It’s quite straightforward so far, I’ll just launch the recently created role on each hosts, without gathering facts, since Python is not yet installed on the machines. Facts will be gathered at the end of the role though, as seen on the previous code snippet.

Next up, tests. We’ll use molecule for the win. I spoke to you all about molecule on a previous article. It is basically a testing tool for Ansible code. It creates ephemeral infrastructure (either virtual machines or containers), tests your roles on it (not only the execution of the roles, but also the syntax and their idempotence), and then it destroys it. Since there are no CoreOS containers, and Virtualbox virtual machines through Vagrant being the target platform, I’ll just use the Vagrant driver.

In order to test with molecule, I’m going to create a molecule.yml file, in which I’m going to define the Ansible files to use for the test, as well as the Vagrant machine’s specification and configuration.

First, I’ll specify which Ansible configuration to use, and which playbook to run:


---
ansible:
  config_file: ./ansible.cfg
  playbook: swarm.yml

Then, I’ll specify which Vagrant box to use for the virtual machines:


   platforms:
  - name: coreOS
    box: coreos-stable
    config.vm.box_url: https://storage.googleapis.com/stable.release.core-os.net/amd64-usr/current/coreos_production_vagrant.json

Then, what will my provider be, and how much physical resources will be used by each instance:


  providers:
  - name: virtualbox
    type: virtualbox
    options:
      memory: 2048
      cpus: 1

After that, I’ll define the specifics of each instance, including both hostname and IP addresses:


 instances:
  - name: swarm-manager-01
    ansible_groups:
      - swarm-leader
      - swarm-manager
    interfaces:
      - network_name: private_network
        type: static
        ip: 10.0.0.101
        auto_config: true
    options:
      append_platform_to_hostname: no
  - name: swarm-manager-02
    ansible_groups:
      - swarm-manager
    interfaces:
      - network_name: private_network
        type: static
        ip: 10.0.0.102
        auto_config: true
    options:
      append_platform_to_hostname: no
  - name: swarm-manager-03
    ansible_groups:
      - swarm-manager
    interfaces:
      - network_name: private_network
        type: static
        ip: 10.0.0.103
        auto_config: true
    options:
      append_platform_to_hostname: no
  - name: swarm-worker-01
    ansible_groups:
      - swarm-worker
    interfaces:
      - network_name: private_network
        type: static
        ip: 10.0.0.121
        auto_config: true
    options:
      append_platform_to_hostname: no
...

With that in place, I just need to run `molecule test` in order to test that my infrastructure is created and configured correctly. This is actually an oversimplification of everything that can be done using molecule, but since I already wrote about it on a previous article, just can just head there and read about it if you’re really interested.

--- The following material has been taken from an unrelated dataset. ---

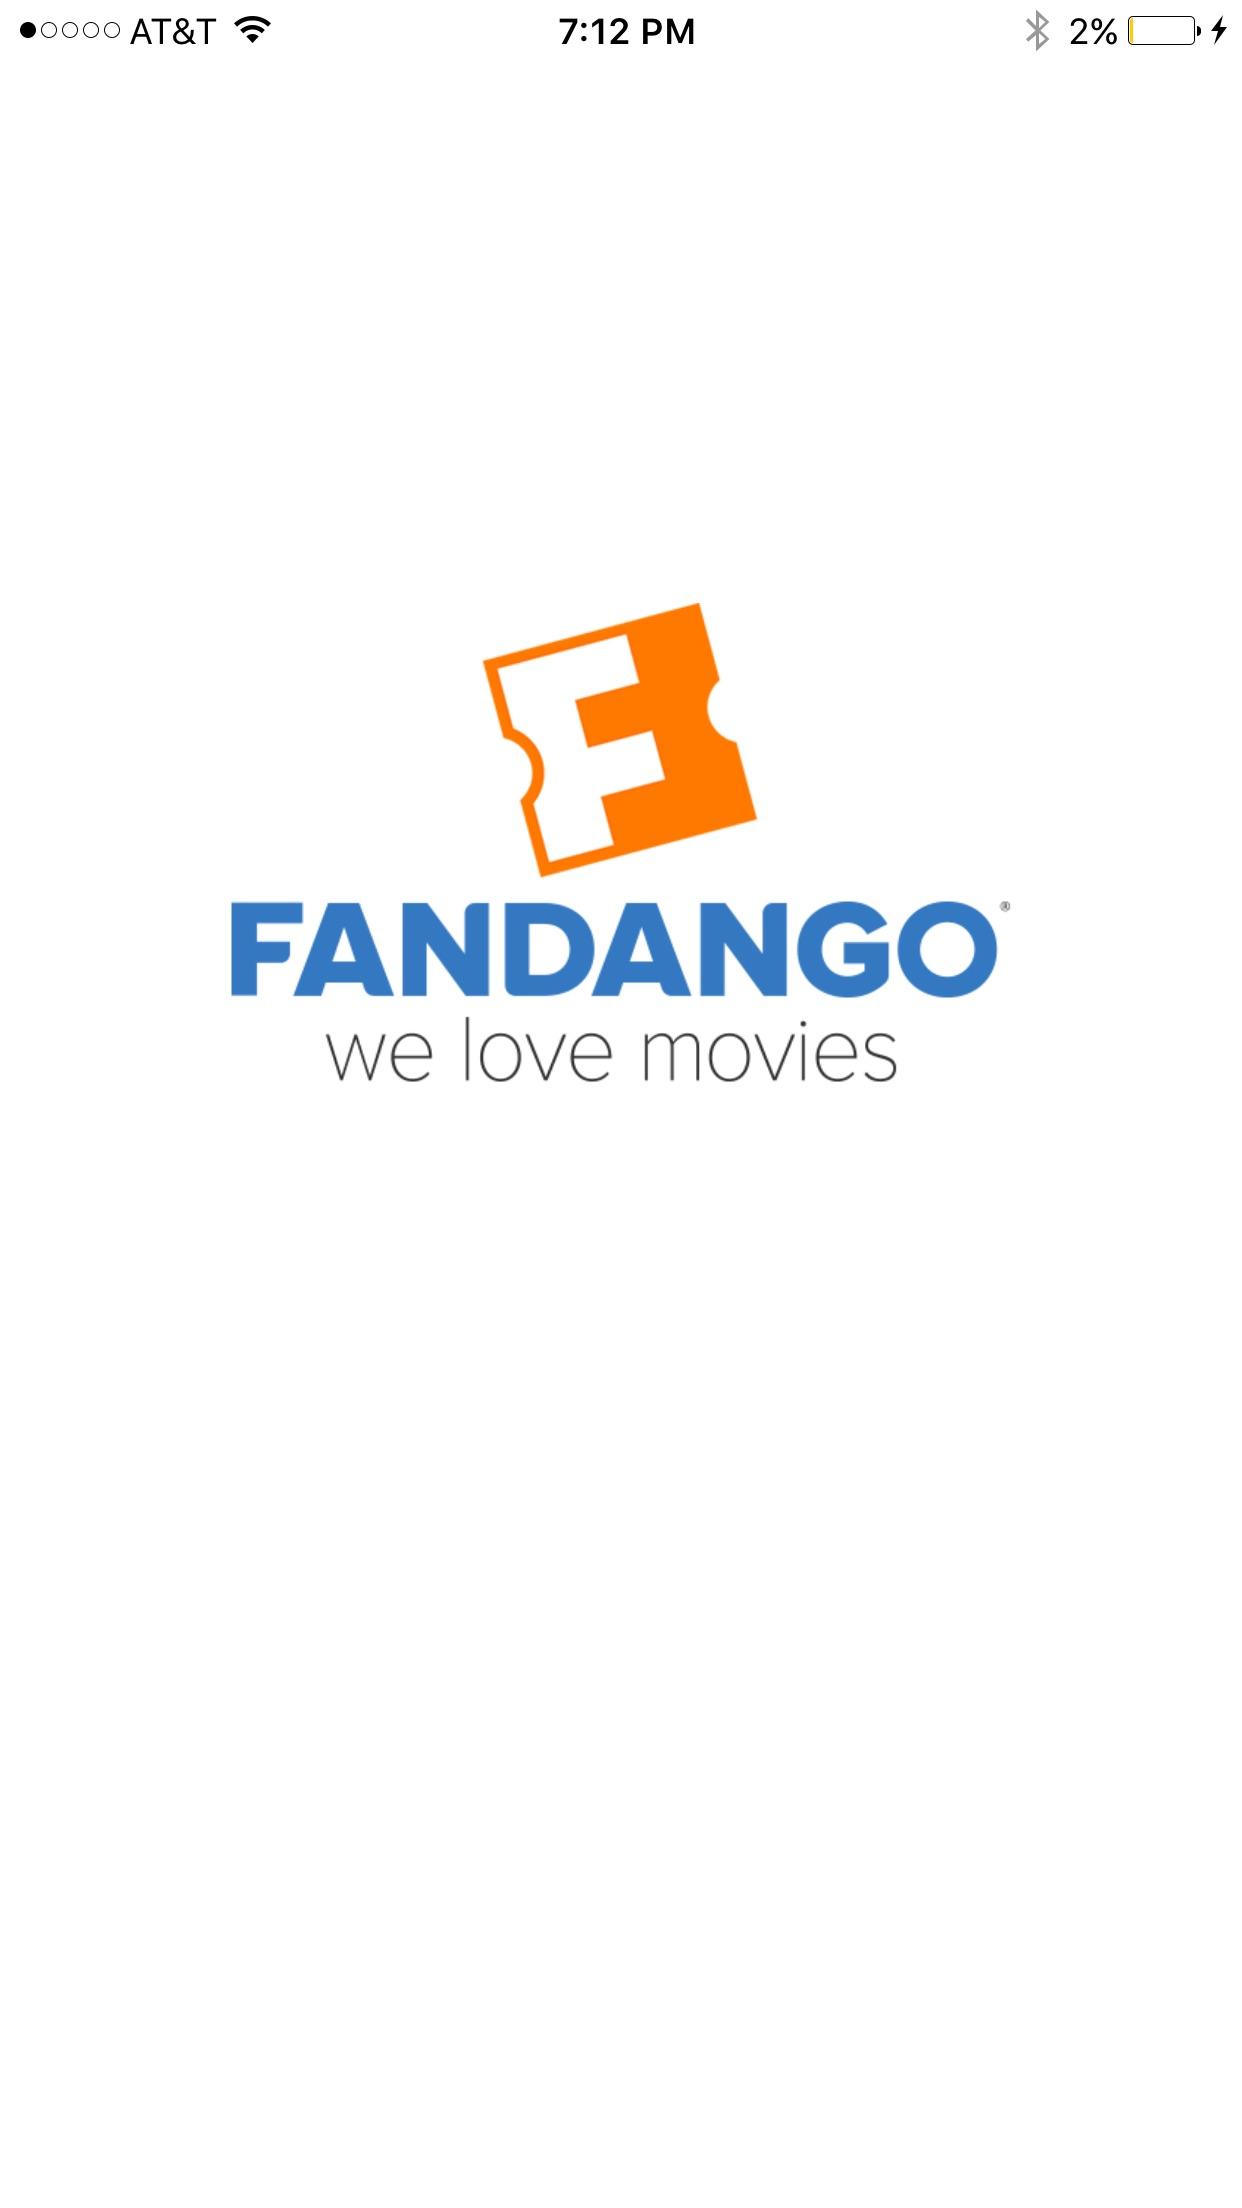 Upside Down F Logo - The fandango Logo is an F upside down too

And with that, I also get to add two new (phony) Makefile target:


smoketest:
	@ansible-playbook -i inventories/vagrant.ini swarm.yml --tags test

test:
	@molecule test

The smoketest target allows me to run a conformance test on all the already deployed infrastructure, to check for deltas and see if something’s wrong whenever I want, and the test target allows me to test the code on fresh, newly created infrastructure, and to check for Ansible-specific good practices. Remember, this uses Molecule V1, so if you try to run it using Molecule V2 it will probably not work.

Tests are set up thusly. Moving on.

Manage: Lead and follow

Next up, we need to setup the three Manager nodes. I’ll start by creating a swarm-leader role, under the configuration roles directory:


roles/
├── bootstrap
│   └── ansible-bootstrap
└── configure
    └── swarm-leader
         └── tasks
             ├── configure.yml
             ├── main.yml
             └── test.yml

And for this role, we’ll use the same task division strategy we used before in order to add our smoketest.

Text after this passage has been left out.